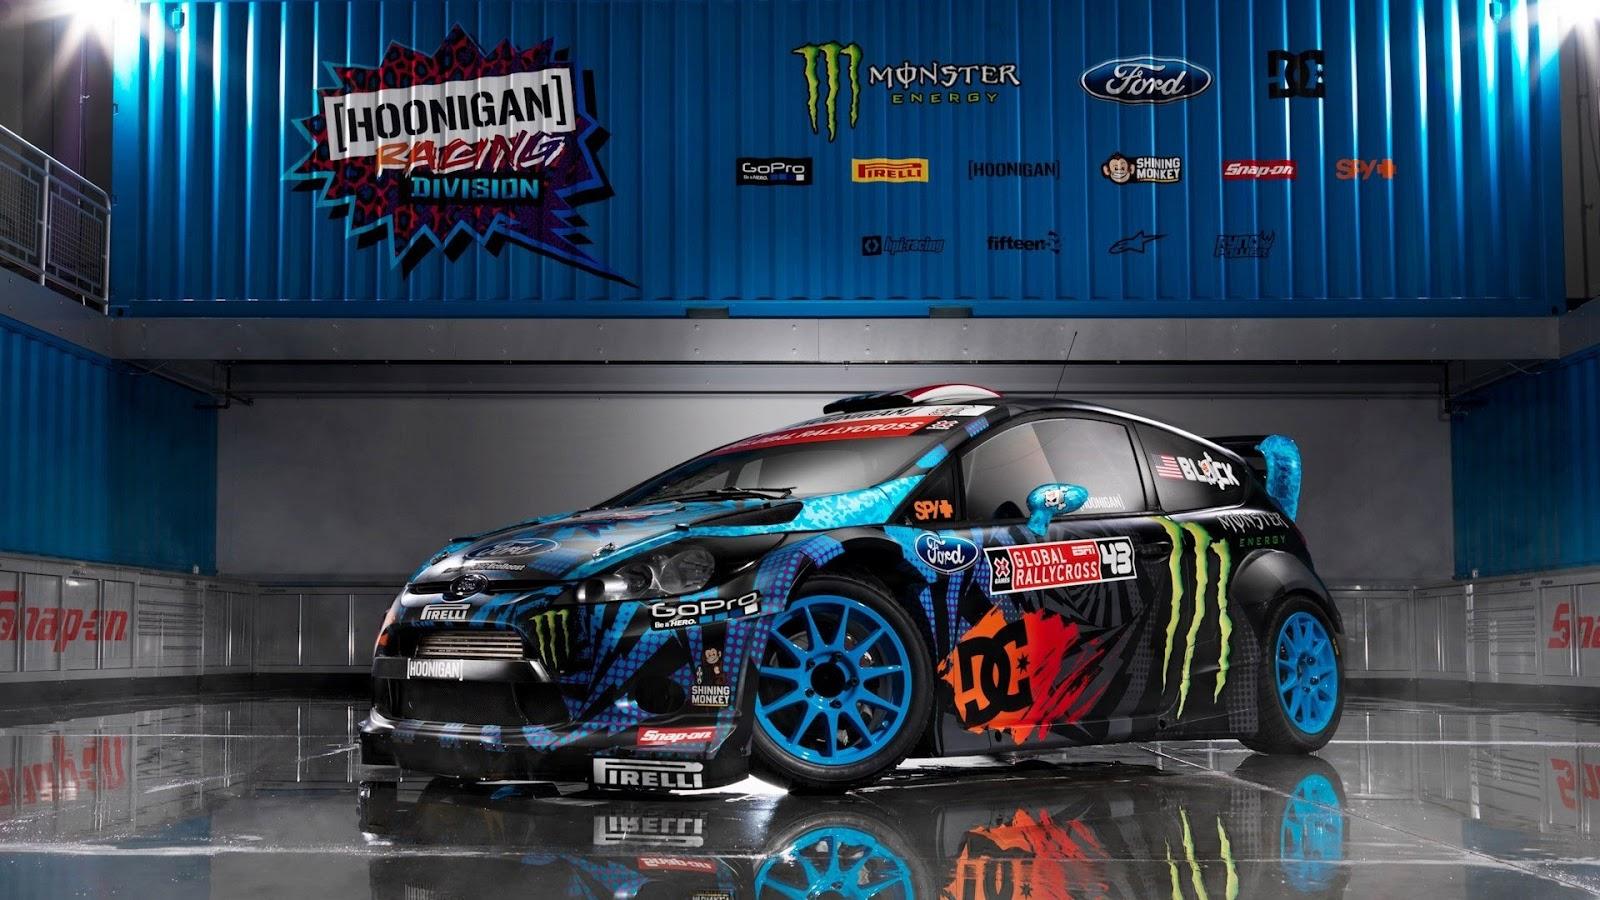 Ford fiesta monster ken block hd wallpaper covers heat - Ken hd wallpaper ...
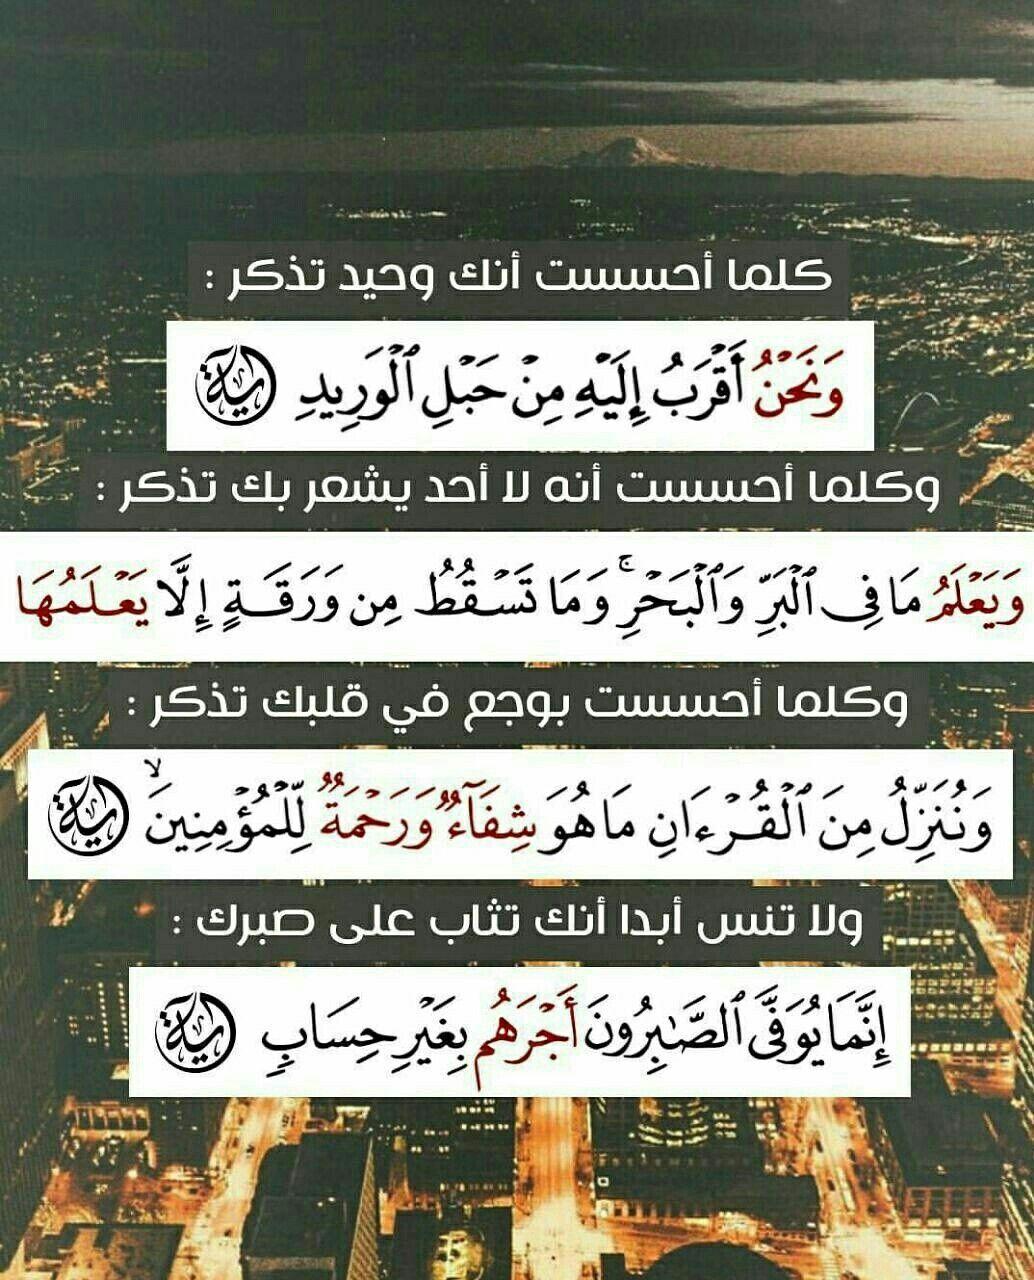 Pin By Max Skay On صدقه جاريه لأبي Islamic Quotes Quran Quran Quotes Quran Verses
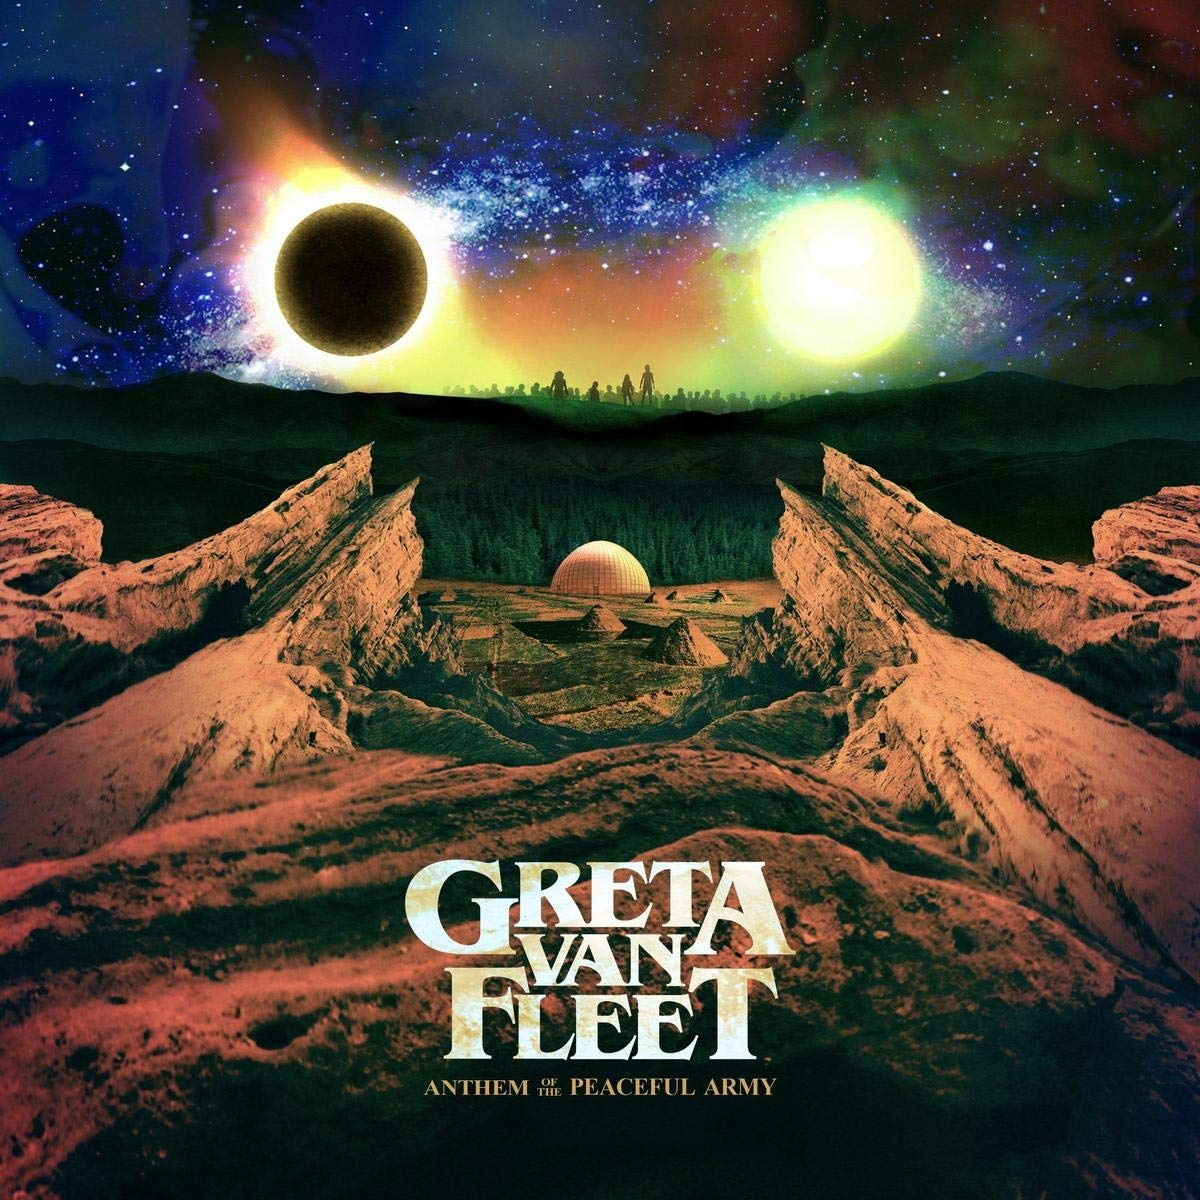 Greta Van Fleet - Anthem Of The Peaceful Army (2018) (Import, EU
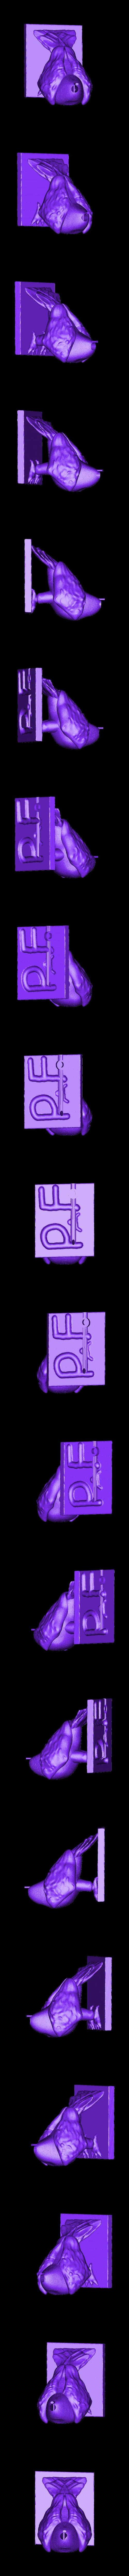 Bald_Eagle_body.obj Download free OBJ file Eagle Lamp/Nightlight • 3D printable template, Pza4Rza
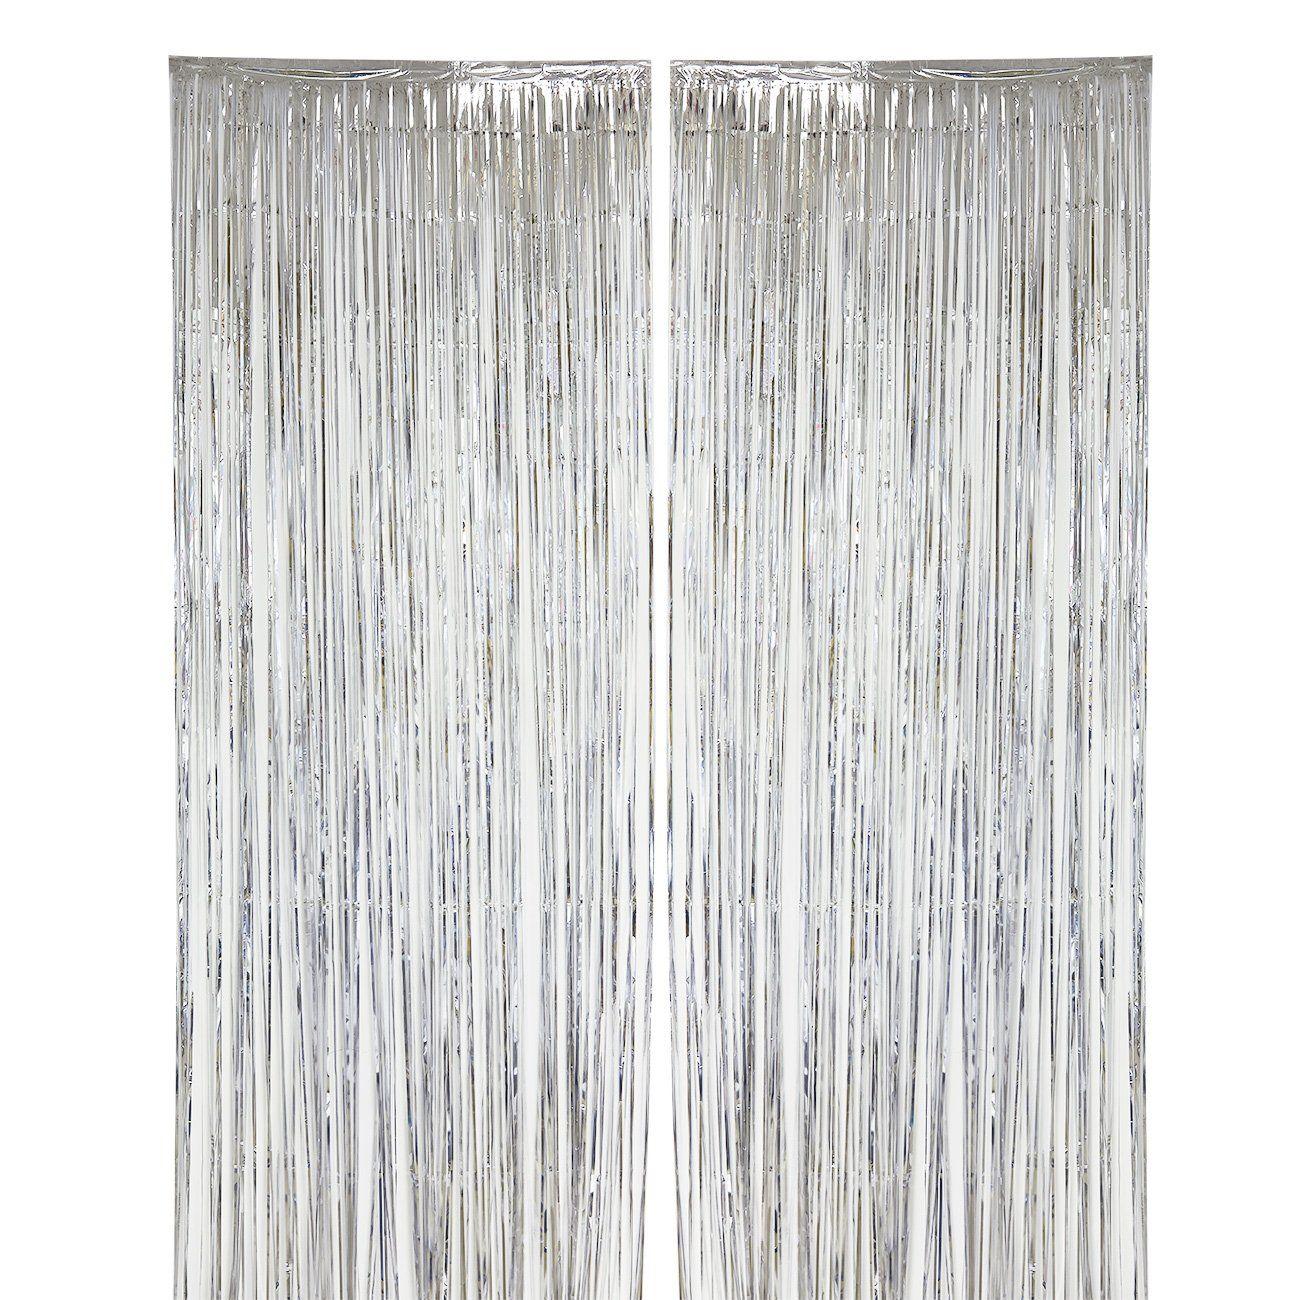 2pack Silver Fringe Curtains Wedding Photo Backdrop Metallic
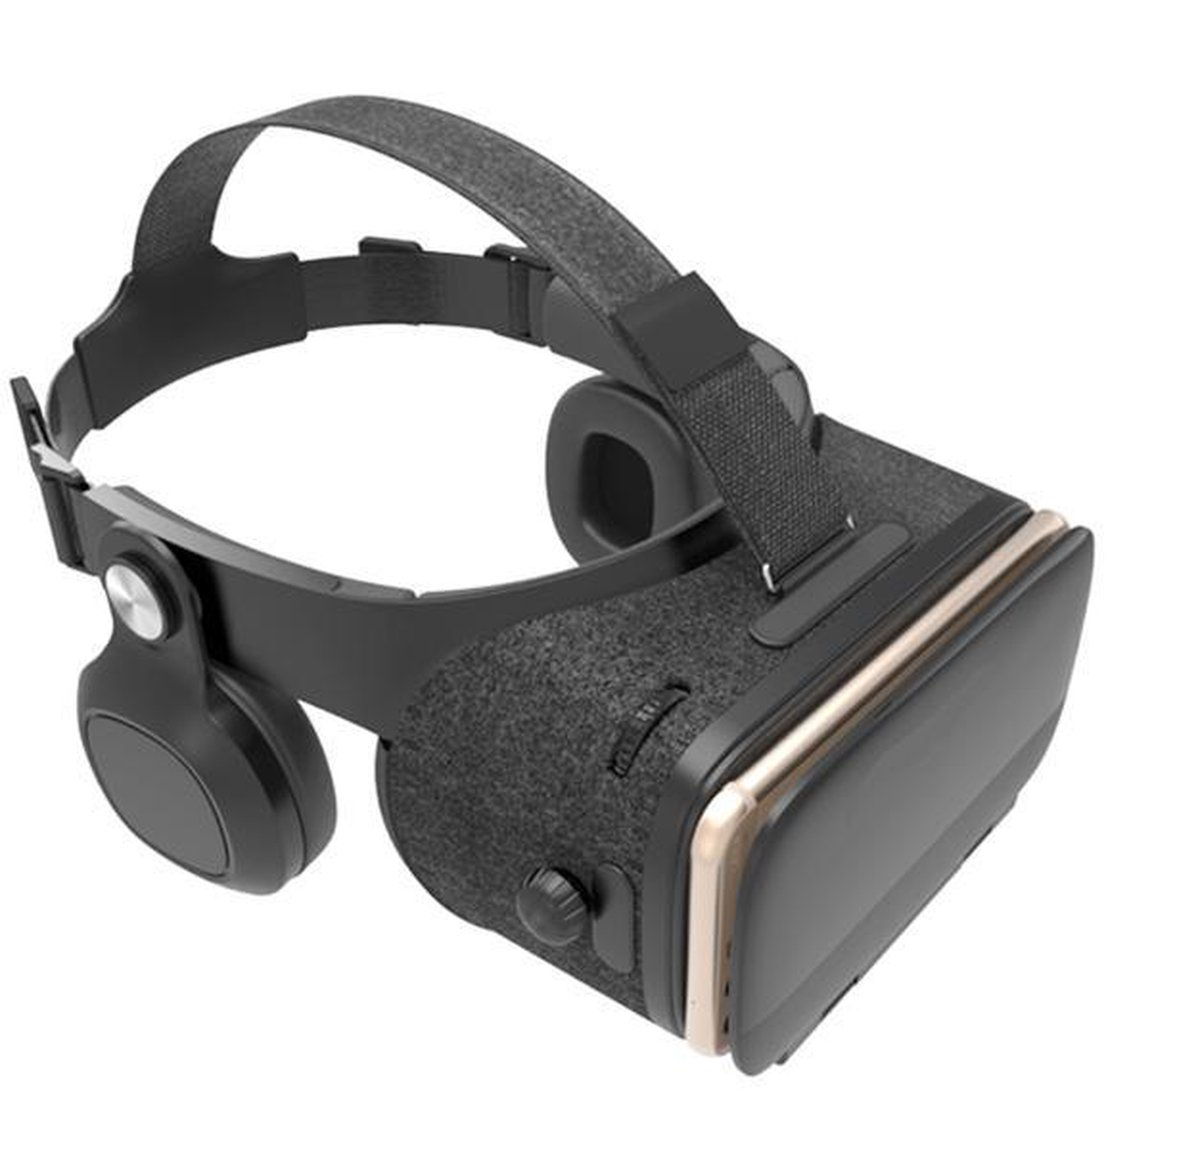 DrPhone VRZ5 - IMAX 3D Virtual Reality Bril - Ingebouwde Surround Sound VR Hoofdtelefoon Koptelefoon

-------------------------

◆ **PROBLEM TO SOLVE**
Treat the line with "Pin By Max Skay" as the start and the line with "2pack Silver Fringe" as the end, and return exactly that span of the data above, both ends included, without pictures.

◆ **ANSWER BELOW**
 Pin By Max Skay On صدقه جاريه لأبي Islamic Quotes Quran Quran Quotes Quran Verses
 Greta Van Fleet - Anthem Of The Peaceful Army (2018) (Import, EU
 Bald_Eagle_body.obj Download free OBJ file Eagle Lamp/Nightlight • 3D printable template, Pza4Rza
 2pack Silver Fringe Curtains Wedding Photo Backdrop Metallic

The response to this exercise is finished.